On the subject of the future of health and wellness, Wolf emphasized that the labor market is tight. “There’s less folks to go around so having the right talent will be important in the future from a supply standpoint; the future will be planning around those things,” he said, noting that offering a seamless experience for customers also is critical. 

Wier pointed out that there are big industry changes on the horizon as we talk about category evolution, notably the future of Rx to OTC switches. “Increasing access to non- prescription OTCs has helped our customers,” Wier said. “With that there are some complications. We need to ask ourselves, how are we thinking about the customer experience to enable that? As many products go OTC that involves a digital health assessment or video required by the FDA. How are we coming together to allow for this scale to happen from a technology perspective?” 

Emphasizing that as a result of COVID there has been an adoption of self-testing, Wier said, “We’re excited about how diagnostics will pay a role on its own and how consumers will take momentum at home to test and treat and consult and create a broader health and wellness journey.” 

Next, Bowie advised that we need to be more outcome-based and help patients manage conditions to become healthier. 

“Think about Walmart. It’s a large food and consumables business, with pharmacies and clinics and value-based care partnerships,” Bowie said. “We have to work across silos. Outcomes of helping customers manage their health in a more affordable way is the future dream state,” she said. 

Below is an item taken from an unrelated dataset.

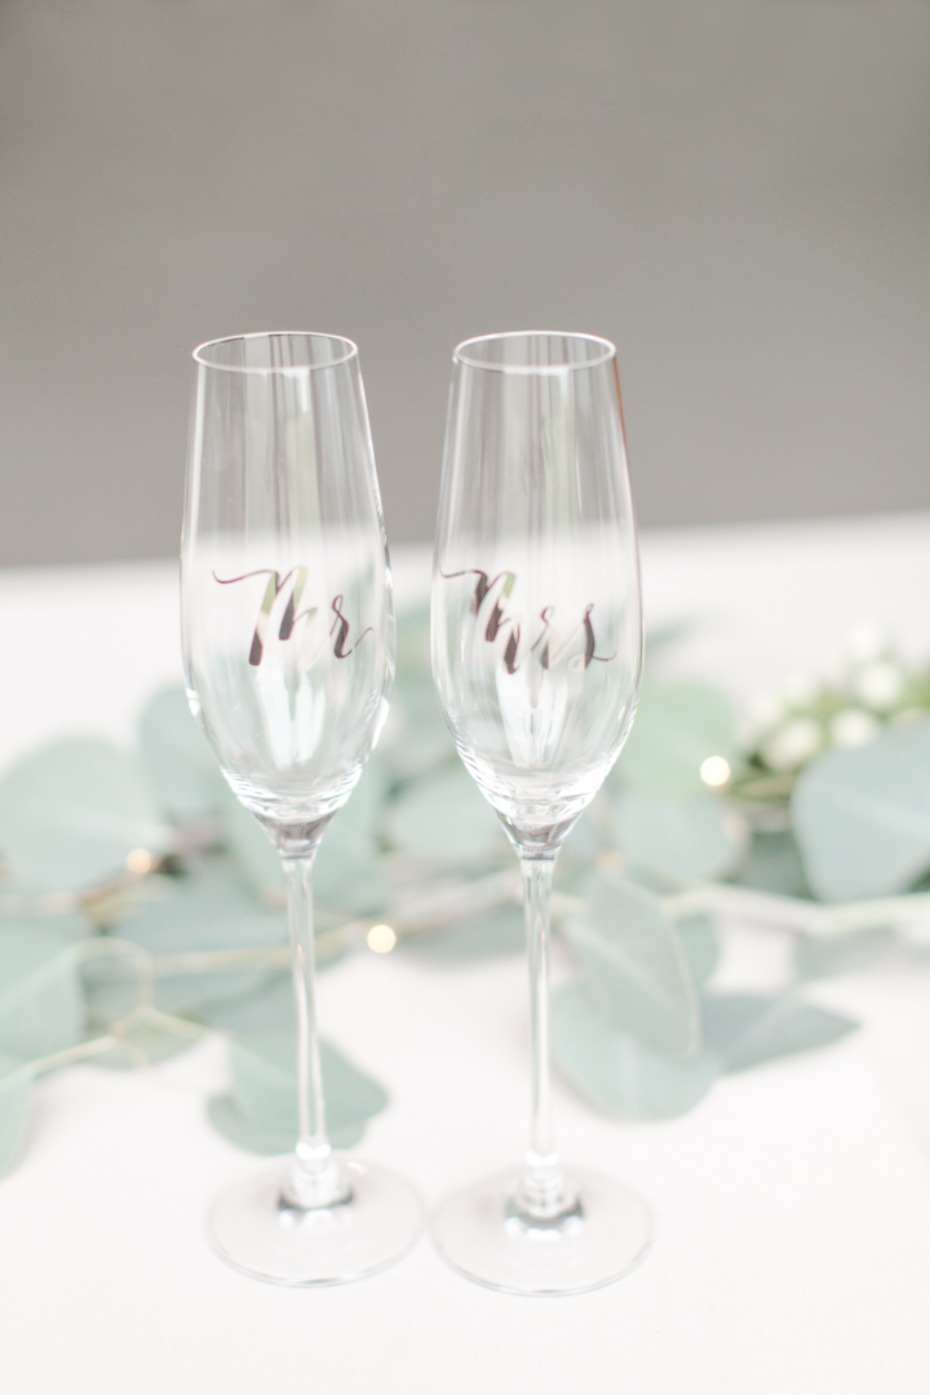 Mr. and Mrs. champagne glasses

[Read more: Mass Appeal: How marketers are winning the skin care game]

Bowie also pointed out that by 2026 Gen Z will make more than 60% of purchase decisions via social media. “Where does health care play? How do we leverage these content platforms and even the metaverse?” 

How can suppliers and retailers be more fluid and agile? 

Mooney noted that for Wakefern it’s about nimbleness and setting objectives for 90 days. “We go and execute, and go back and look at what worked, what didn’t? What’s moved beneath our feet?” he said. “It’s about setting that objective with the expectation you are going to come back and revisit it, and reducing the rigidity of some of our guidelines.” 

Pointing out that the pandemic made merchants and suppliers be vulnerable with each other and made people have conversations they wouldn’t have before, Cowell said, “As we evolve out of the pandemic I hope we don’t lose that muscle of being vulnerable.” 

What emerging growth opportunities are we not investing enough time discussing? Mack asked. 

“We understood customer needs and developed research to identify an opportunity to create a broader platform to engage customers around women’s health,” Wier responded. “We took a stand on the pink tax, giving a rebate on the menstrual tax for products in 13 states, decreased the price of menstrual care products 25% on our CVS brand, and opened a broader suite MinuteClinic and virtual care services for women’s health.” 

Bowie moved the discussion to how personalization is growing in importance at Walmart. “We have 5,000 stores and sell in stores and online. We don’t have enough conversations about personalization and data. Customer centricity will be the future. The more relevant and more tied to customers’ needs, goals, past purchases and decisions, the more growth they will see.” 

For Walgreens, developing teams is crucial. “We have to teach, mentor and have relationships. Are you fostering those?” Wolf said. “In addition, customers’ need for ultimate convenience and speed will be a core need. Keep pressuring ourselves as retail and supply organizations to get it faster.” 

Lastly, Mooney advised that you have to treat every supplier differently, since they have different capabilities and needs. There’s also a finite amount of money. “Figure out, if this is how much money, what’s the best way we can spend it together and give you the best ROI?”